The defense of Incognito makes it appear that the Dolphins viewed Martin as weak. He could not see the difference between team building and bullying. He rejected his teammates’ attempts to bring him closer.
What is being missed, however, is the fact that the line between playful teasing and bullying is very blurry. You can ask ten people where the line is and get nine different answers.
Liz, a high school basketball coach and former college player, views the line as “anything that causes physical harm, or even mental/emotional harm.” She goes on to say “I think the line is different for each person, as God made each of us differently.”
That comment brings up another interesting side of the issue. Considering many high schools and universities around the country are considered religious institutions, there are likely to be different dynamics among teammates at Christian colleges and high schools than those who are in a more secular situation.

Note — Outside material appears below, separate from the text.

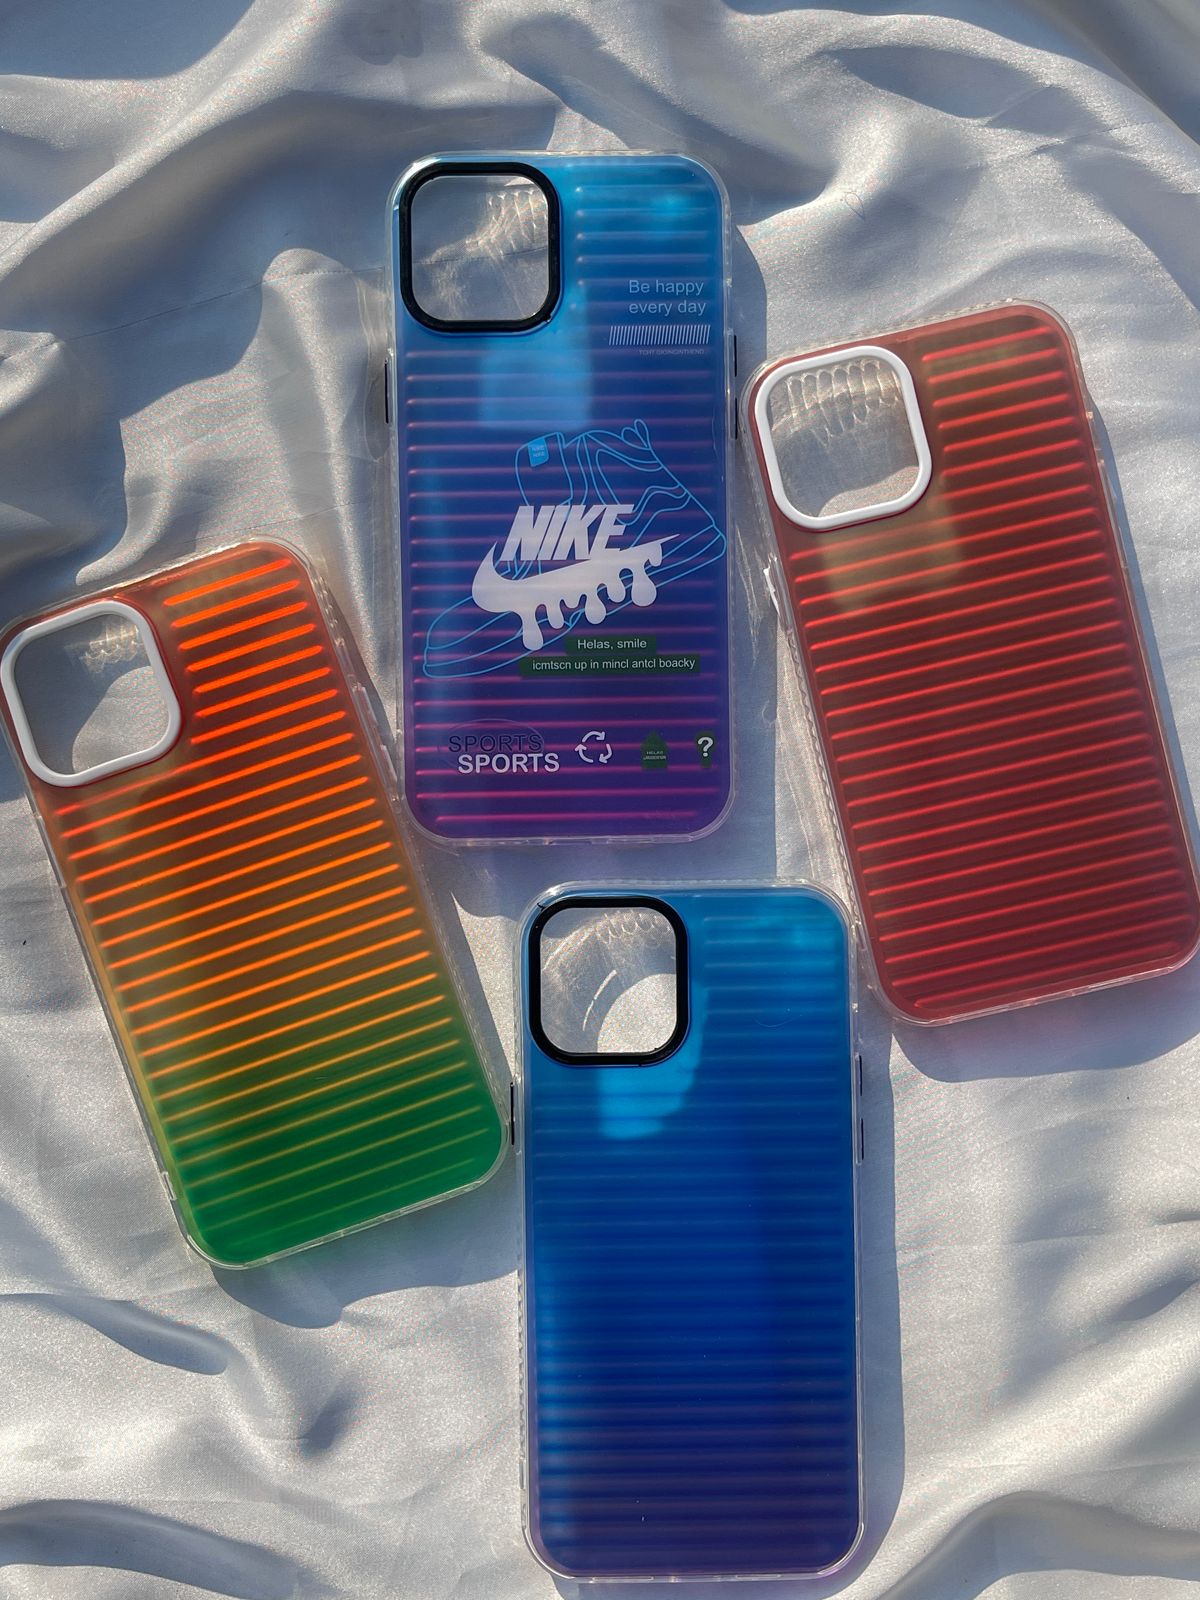 iPhone "12 Pro Max" Rainbow Translucent Case

An anonymous women’s basketball coach, who has also had experience at the high school level and as a guidance counselor, said that there was “absolutely a difference” between playing and coaching at Christian institution versus non-Christian. She felt more free to be invested in the team because they weren’t pressuring her to do things that she was uncomfortable with.
Moriah, another current Division III player, was enthusiastic about the relationship she has with her Christian teammates. “The leadership is amazing. the bonding is deeper because not only are you playing and having the same experiences, but they are rooted in Christ. It allows for easier confrontation and for more trust, encouragement, and accountability.”
When it comes to the difference between abusive relationships and friendly hazing, it seems that from the Miami Dolphins to Division III basketball, people are looking for the same ideal characteristics in a teammate. They want to compete with someone who works hard, is encouraging and humble, and has their back on and off the playing field.
Jim Gruenwald, a former Olympic wrestler and current college coach said, “I have had great relationships with both Christian and non-Christian teammates, but the ones with the Christians are different in the sense that they will have your best in mind even in times of individual weakness.”
Camaraderie is best established in a way that encourages people and brings them together rather than discouraging or tearing them down. Christian athletes, then, should embrace their role on teams everywhere, not just by bringing glory to God on the playing field but by embodying the mission of Jesus Christ in the locker room.